How Product Activation Works
Will Product Activation make it more difficult for customers to install and use the software?
Product Activation is designed to be simple and unobtrusive for customers who legitimately acquire the software license. Customers will have the choice of activating via the Internet or by telephone. Customers will also be able to delay activation for several uses of the product, until a time that is convenient for them. For those who obtain a copy of the software illegally, Product Activation will make their inappropriate use of the product more difficult. Millions of customers have used Product Activation to date with little or no difficulty.
Will customers be notified that they have to activate?
Yes. Customers will be notified of the activation requirement on the outside of the box when they acquire a retail version of the product. In addition, for applications such as Office, customers will be reminded to activate each time they launch an application up until the 50th launch—the maximum number of times they can launch the product before they are required to activate. For the Windows operating system, customers will be reminded each time they log in and at common intervals up to the end of the activation grace period (30 days) before they are required to activate. If they have not activated the product within the specified time frame, they will need to do so to continue using the product.
Is there a grace period during which the product will work without being activated?
Yes, a user may use a product for a certain amount of time without activating it. For the Office XP family of products and the Office 2003 System, the grace period is the first 50 launches. For Visio 2002, the grace period is 10 launches. For Windows, it is 30 days from first boot or upgrade (14 days for beta versions).
What is "reduced functionality mode" in Office XP, the Office XP family products (e.g. Visio 2002, FrontPage 2002), and the Office 2003 System (Office 2003 suites and apps such as Visio 2003, Frontpage 2003, etc)?
Application products will go into reduced functionality mode if the user does not activate before the end of the grace period, which is the 50th launch for Office XP and its component applications and 10th launch for Visio 2002. The Office 2003 System allows 50 launches before the product will go into reduced functionality mode. In this mode, users will not be able to save changes to documents or create new documents, and additional functionality may be reduced. Existing files are not altered and can be edited or saved with an activated installation of Office XP, Visio 2002, or a product from the Office 2003 System. Users may regain full functionality of the product at any time by activating.

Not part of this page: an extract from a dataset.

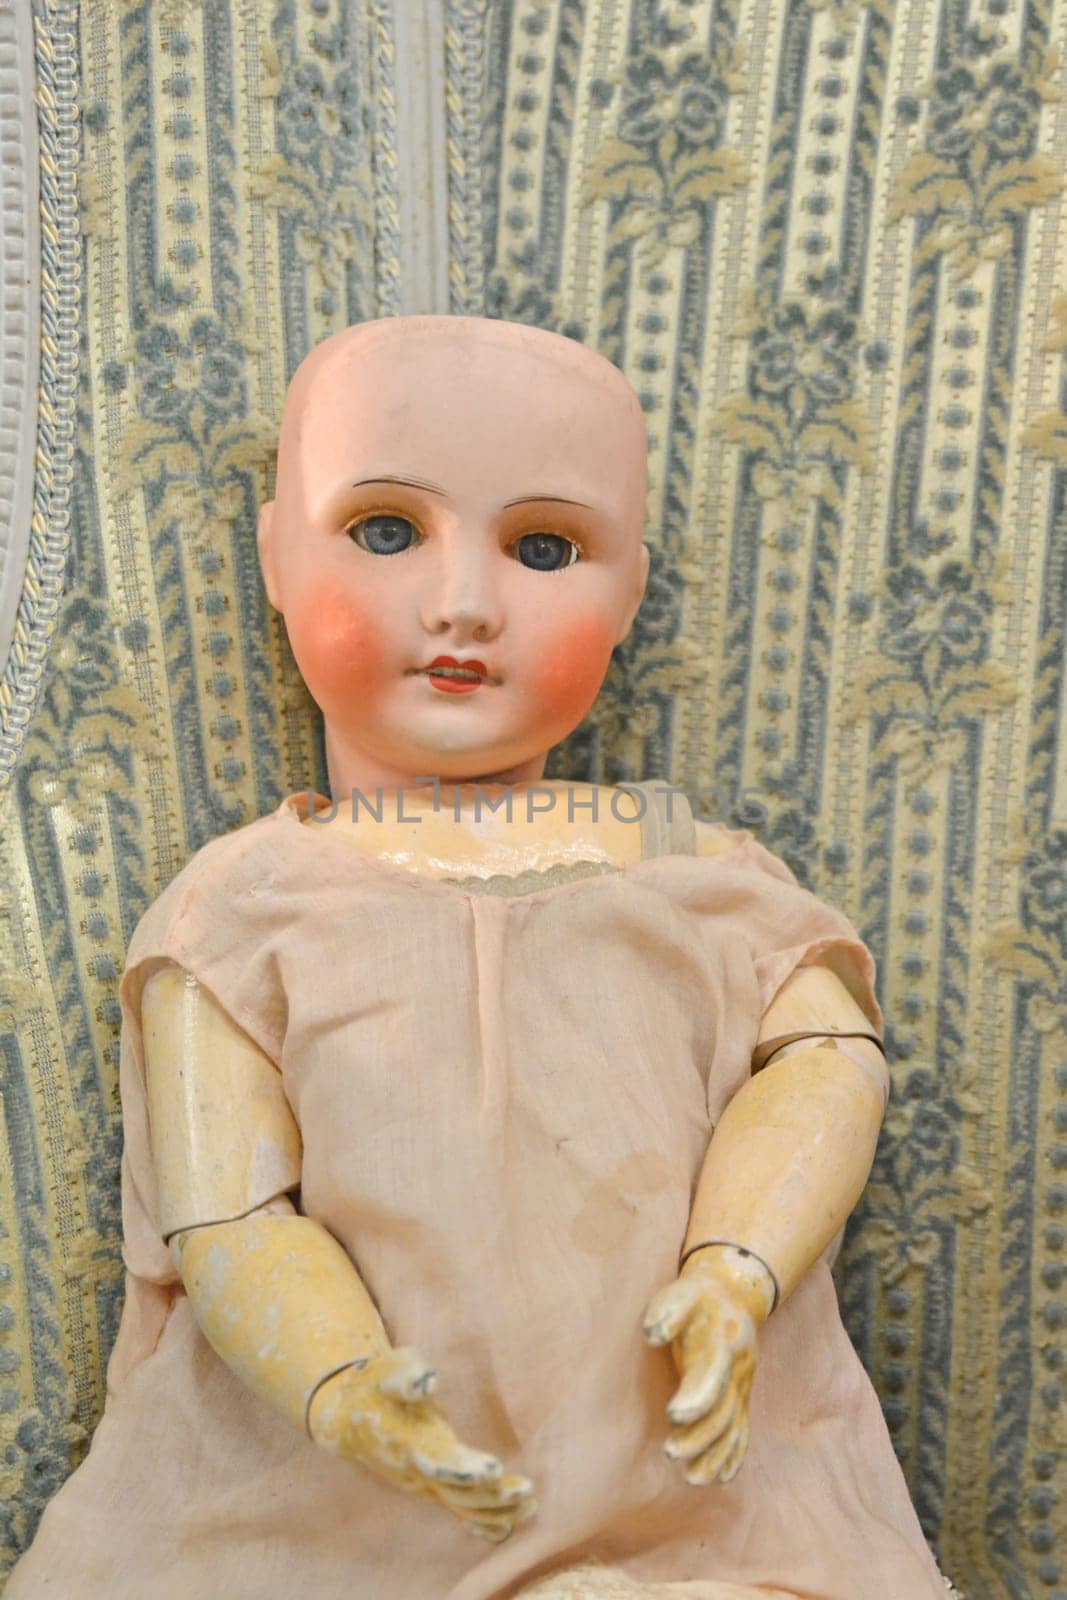 Flea market. Old vintage doll by Godi
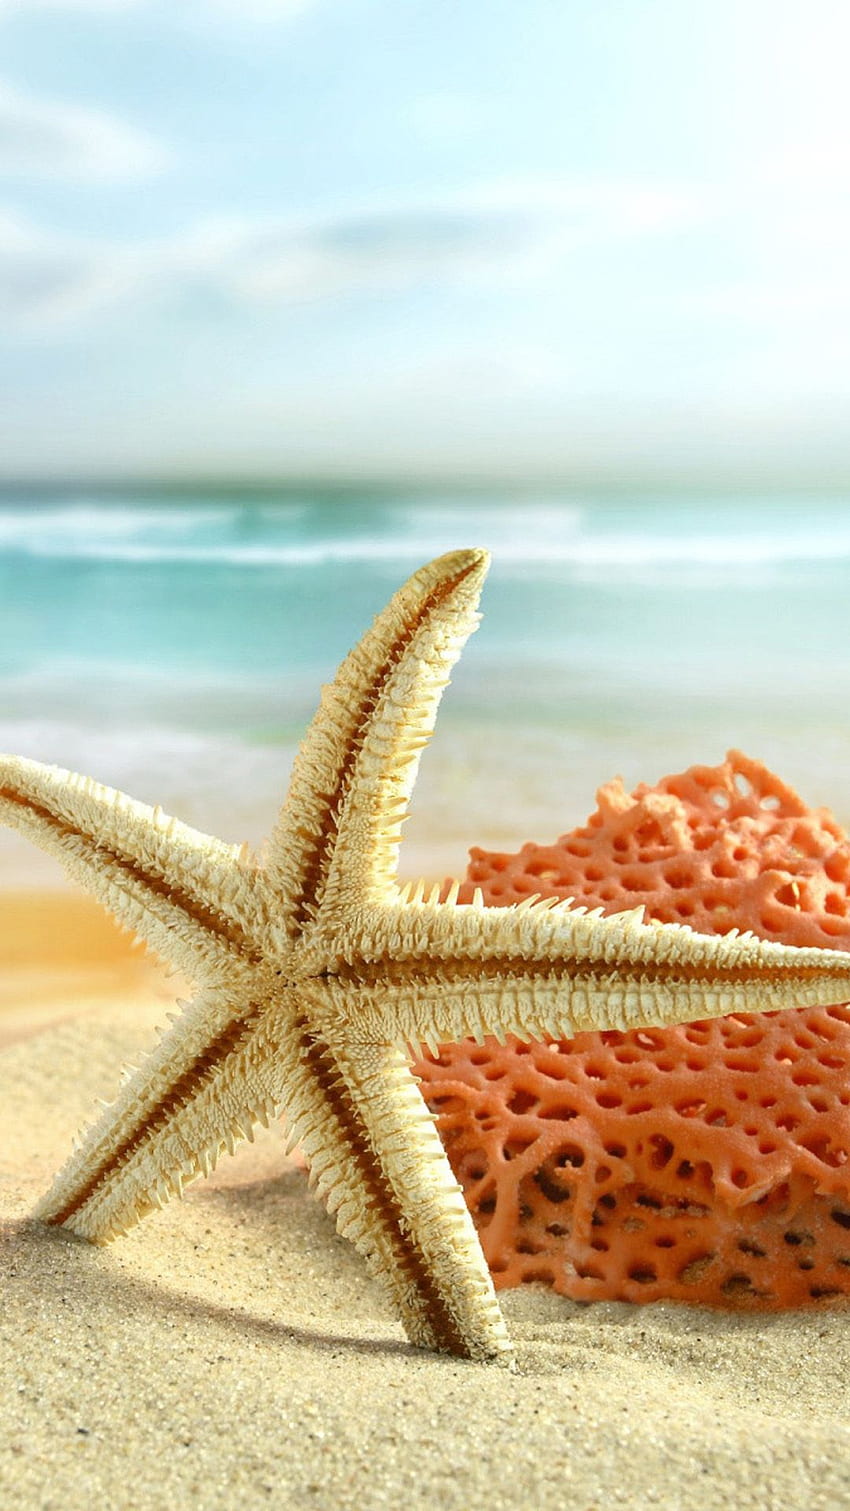 Estrellas de mar juguetes de playa Android - Android, Cute Beach fondo de pantalla del teléfono

How do I know if my product installation is activated?
In all Office XP family products and Office 2003 System products, users can choose Activate Product from the help menu to determine the installation's activation status. In Windows, users can choose Activate Product from the Start menu under Programs, Accessories, System Tools.
How does Product Activation connect over the Internet?
For Office XP family products and Office 2003 System products, activation over the Internet requires users to have their own Internet service provider (ISP) connection. Users who do not have an ISP connection must activate by telephoning a customer service representative. For Windows XP, users who do not have an ISP may make use of Microsoft's ISP network to activate. Users who do not have an ISP and cannot make use of Microsoft's ISP network must activate by telephoning a customer service representative.
What are the hours of operation of the customer service centers?
Most customer service centers are open 24 hours per day. Some international customer service centers are only open during extended business hours.
What if I'm outside the United States and need to activate my installation over the telephone?
Microsoft has regional and, in some locations, local customer service centers to process activation requests. Telephone access numbers to these customer service centers are toll-free where available. Some countries can only be serviced with local toll numbers due to their telephony infrastructure or other issues. For very few countries, users will need to contact Microsoft by calling collect.
Why are the installation and confirmation IDs so long when I activate by telephoning a customer service representative?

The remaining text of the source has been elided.